An unmanned 240 foot (75m) helium-filled blimp used by the US military to defend the east coast from cruise missiles and drones broke loose from its mooring today (Oct. 28) and drifted over Pennsylvania for hours before being brought to ground, according to local news reports.
Local news station SECV 8 reported that a cable hanging from the blimp took down power lines in the area, leaving nearly 14,000 people without power.
The blimp is part of a program called Joint Land Attack Cruise Missile Defense Elevated Netted Sensor System (JLENS). Billed as “the future of defense” by military contractor Raytheon, the 17-year-old JLENS project has become a costly and ineffective “zombie” program, which has proven impossible to kill because of intense lobbying, an LA Times investigation found:
A 2012 report by the Pentagon’s Operational Test and Evaluation office faulted the system in four “critical performance areas” and rated its reliability as “poor.” A year later, in its most recent assessment, the agency again cited serious deficiencies and said JLENS had “low system reliability.”
Each JLENS blimp costs about $182 million, and the entire project has a pricetag of about $2.7 billion.
It’s not clear how authorities managed to bring the blimp—which normally operates at an altitude of 10,000 feet—to ground. As the Baltimore Sun reported, Raytheon says on its website (pdf) that “in the unlikely event” one of the aircraft comes unmoored, “there are a number of procedures and systems in place which are designed to bring the aerostat down in a safe manner.”

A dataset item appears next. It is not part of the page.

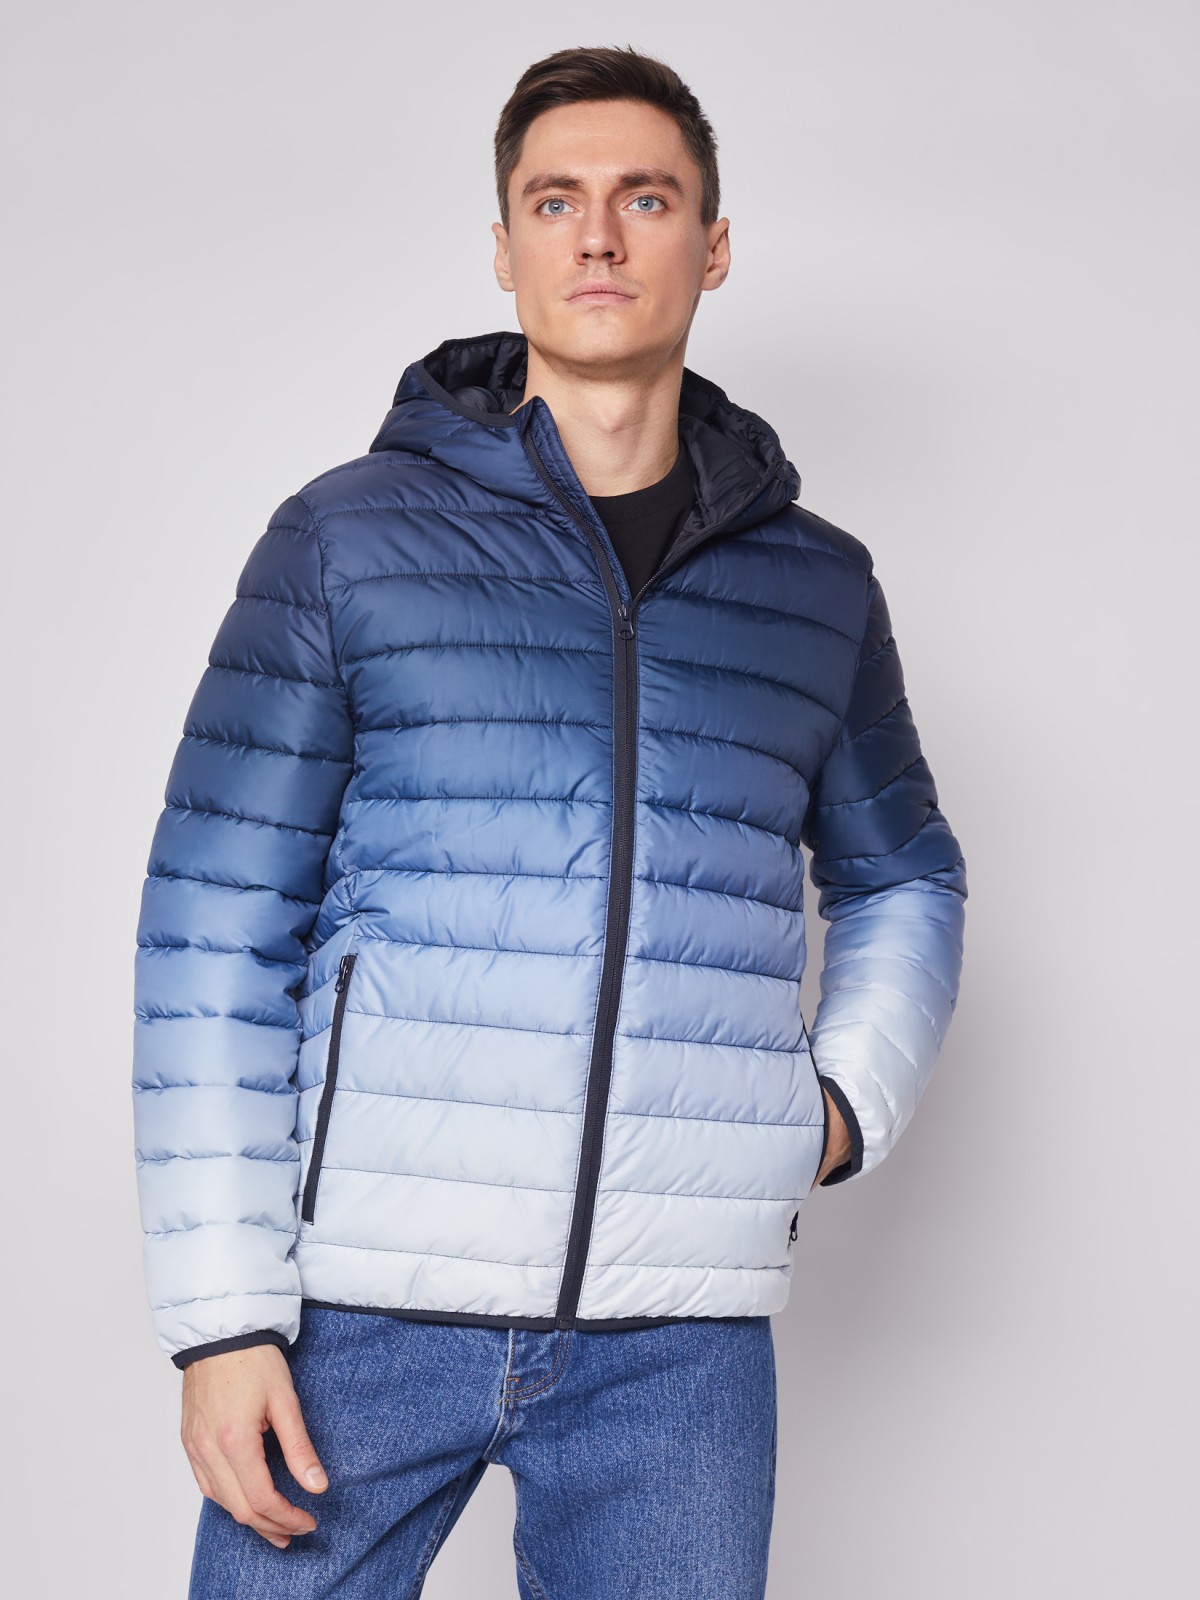 Утеплённая куртка с капюшоном zolla 012125102104, цвет голубой, размер M - фото 2

The system consists of two blimps stationed in Maryland—technically aerostats, since they are (or were) tethered and have no propulsion—that use sophisticated radar to monitor the skies all the way from Canada to North Carolina.
JLENS has been hampered by cost overruns and failures, such as its inability to detect a man who landed his ultralight gyrocopter on the US Capitol grounds.
Quartz sister publication Defense One reported that “NORAD declined repeated requests for information as to whether or not the JLENS detected the slow moving helicopter moving toward Washington, D.C. They also have yet to respond to a Defense One Freedom of information Act Request for information about the matter.”